Monday, February 16, 2009

Analysing "Weapons Training"

Watch this short excerpt from an interview with Bruce Dawe and answer the following questions.

http://dl.screenaustralia.gov.au/module/1194/

The poem highlights the regimentation and humiliation dished out during defence training.
  1. Who is ‘I’? Is the reader supposed to sympathise with him, do you think
  2. What’s happening here? What is the context?
  3. Why is the language clipped, the tone condescending?
  4. What is the purpose of omitting most of the punctuation, including fullstops and capital letters?
  5. What concepts do you consider demeaning to the soldiers and is the speaker’s choice of language acceptable in either the armed forces or in civilian life?

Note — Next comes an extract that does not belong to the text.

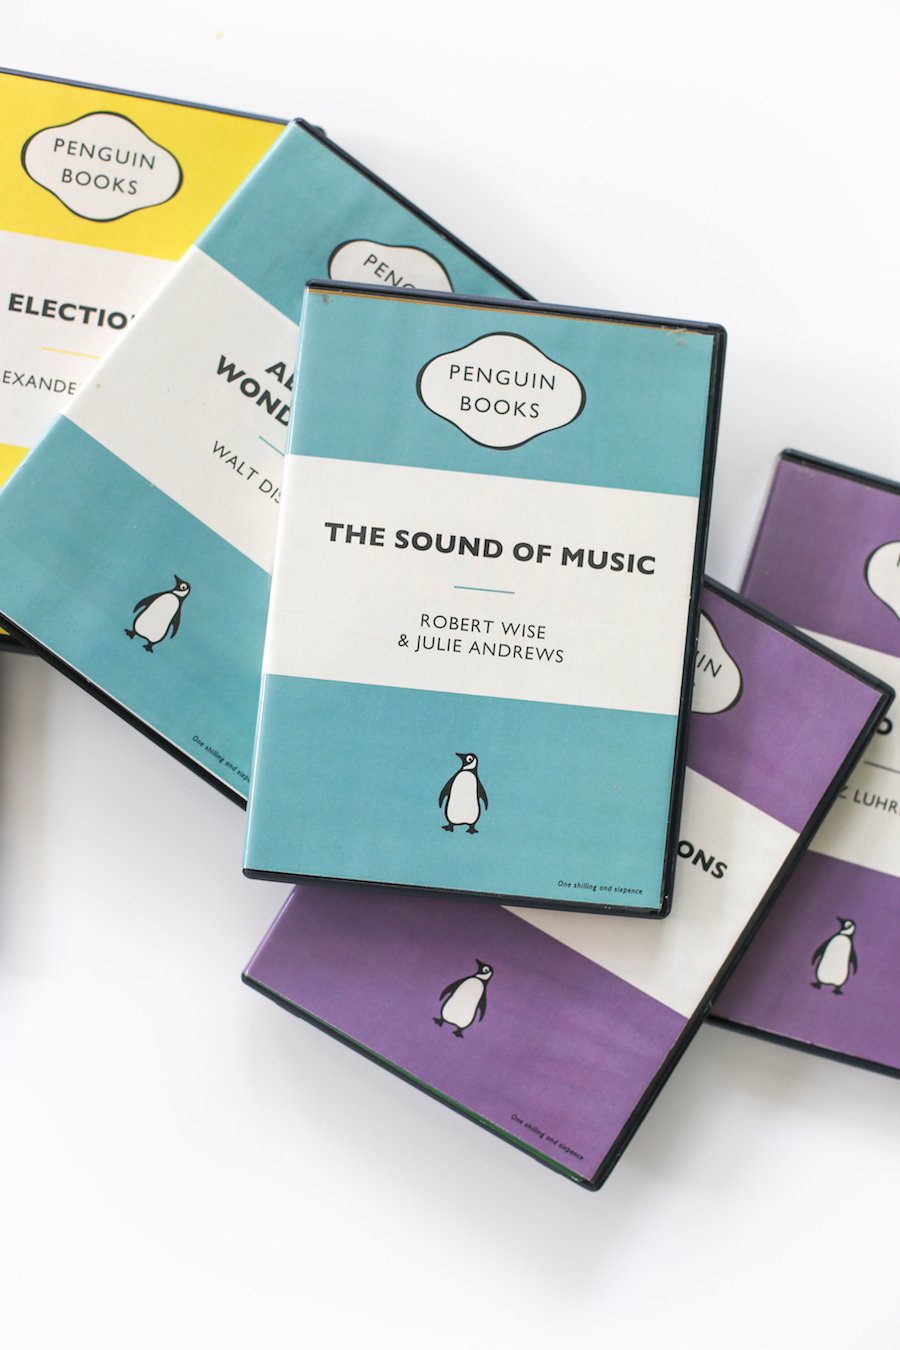 DIY Penguin Book DVD Covers with Free Download // Salty Canary

Why has Dawe written in this way?
  6. The speaker in the poem refers to ‘a mob of the little yellows’ and the ‘Charlies’ with their ‘rotten fish-sauce breath’. To whom is he referring and why has Dawe chosen language that most people would consider racist and offensive?
  7. Does the opening line set the tone for the poem? How effective are onomatopoeic words ‘click’ and ‘pitter-patter’?
  8. What is the point of the last line and the repetition of ‘dead’?
  9. Dawe has chosen to use a regular rhyme scheme for this poem – abba – and finishing with a rhyming couplet. What is the effect of this?
  10. What is the point of this poem? Would you consider this an anti-war poem? Explain.